Court decision awards native title to indigenous groups

THREE native title decisions, made during a Federal Court hearing in Moranbah yesterday, gave the Barada Barna and Widi peoples control over an area in the Central Queensland coal fields.

Lou Caruana

The decision covers about 3233 square kilometres of land and waters south-west of Mackay and north-west of Rockhampton in the Bowen Basin.

Acting Minister for Natural Resources and Mines Bill Byrne said: “Future generations of Barada Barna people and Widi people now have their rights protected.

“As the recognised traditional owners, they will be able to pursue economic or cultural development on their very own soil, creating the potential for jobs and opportunities.”

Barada Barna Traditional Owner Les Budby said the determinations meant he could be actively involved in protecting cultural heritage, such as cave paintings.

“Recognition to my people gives a sense of pride and knowledge that we have lived in and around this country for thousands and thousands of years,” he said.

“There are cave paintings which are thousands of years old which have been well preserved and we have discovered and protected a number of fire places – one of which has been carbon dated as 5000 years of age,” he said.

Widi traditional owner Graham Sauney said having native title gave the Widi people the opportunity to continue to work as a society on their own country.

“It will protect our values and give us an opportunity for economic development and employment and training for our people,” he said.

Member for Mirani Jim Pearce congratulated the Barada Barna people and the Widi people on their achievement.
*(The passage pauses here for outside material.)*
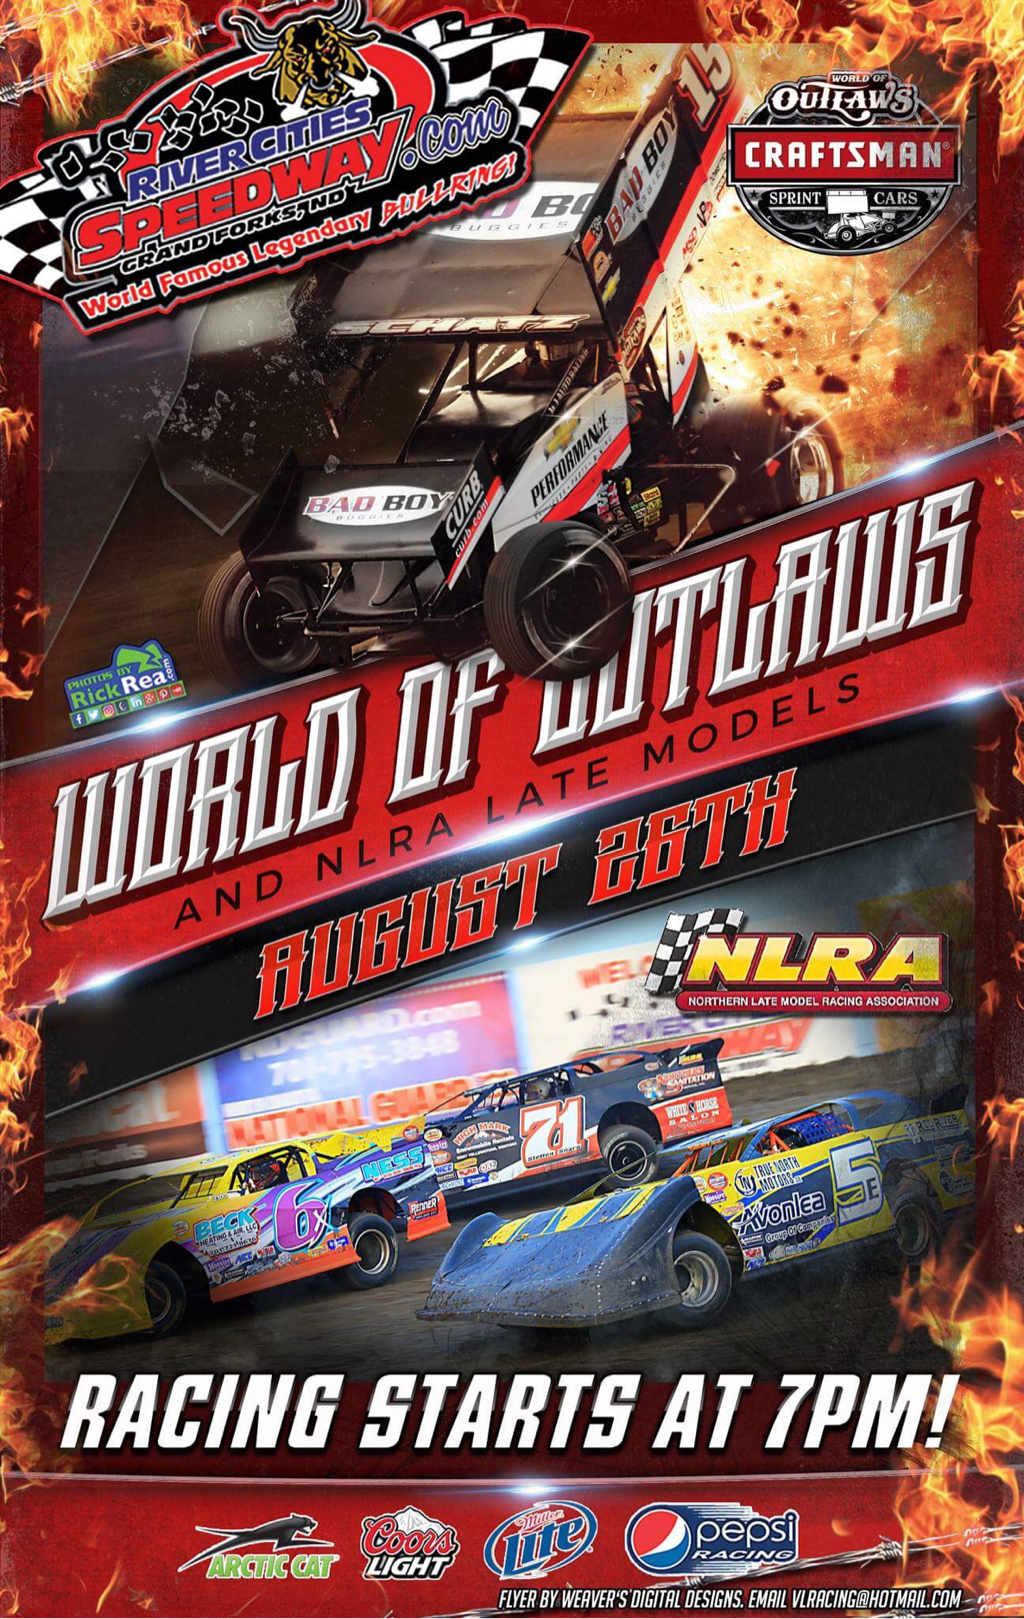 World of Outlaws Sprint Cars race at River Cities Speedway featuring Outlaw Sprints and WISSOTA NLRA Lae Models

“Today is a proud day for the traditional owners and also for the general community as it offers a great opportunity for all of us to work together for an even better future for everyone,” he said.

Byrne said the determinations settled claims made in 2008 by the Barada Barna and in 2013 by the Widi people.

“This decision recognises their non-exclusive native title rights to access, hunt, fish and gather, conduct ceremonies and teach on these lands. It gives certainty for future community progress and economic development,” he said.

Byrne said the Barada Barna people had also negotiated a Protected Areas Indigenous Land Use Agreement (ILUA) with the Queensland Government to manage the exercise of native title rights and interests within the Dipperu National Park.

“The ILUA also allows for further negotiations and agreements between Barada Barna and the Queensland Government that could deliver opportunities such as economic development, employment, tourism use and training as well as the development of future land management plans,” he said.

Approximately 2699 square kilometres of the land is Barada Barna country, approximately 4 square kilometres is Widi country while the remaining 530 square kilometres is country shared between the Barada Barna People and Widi People.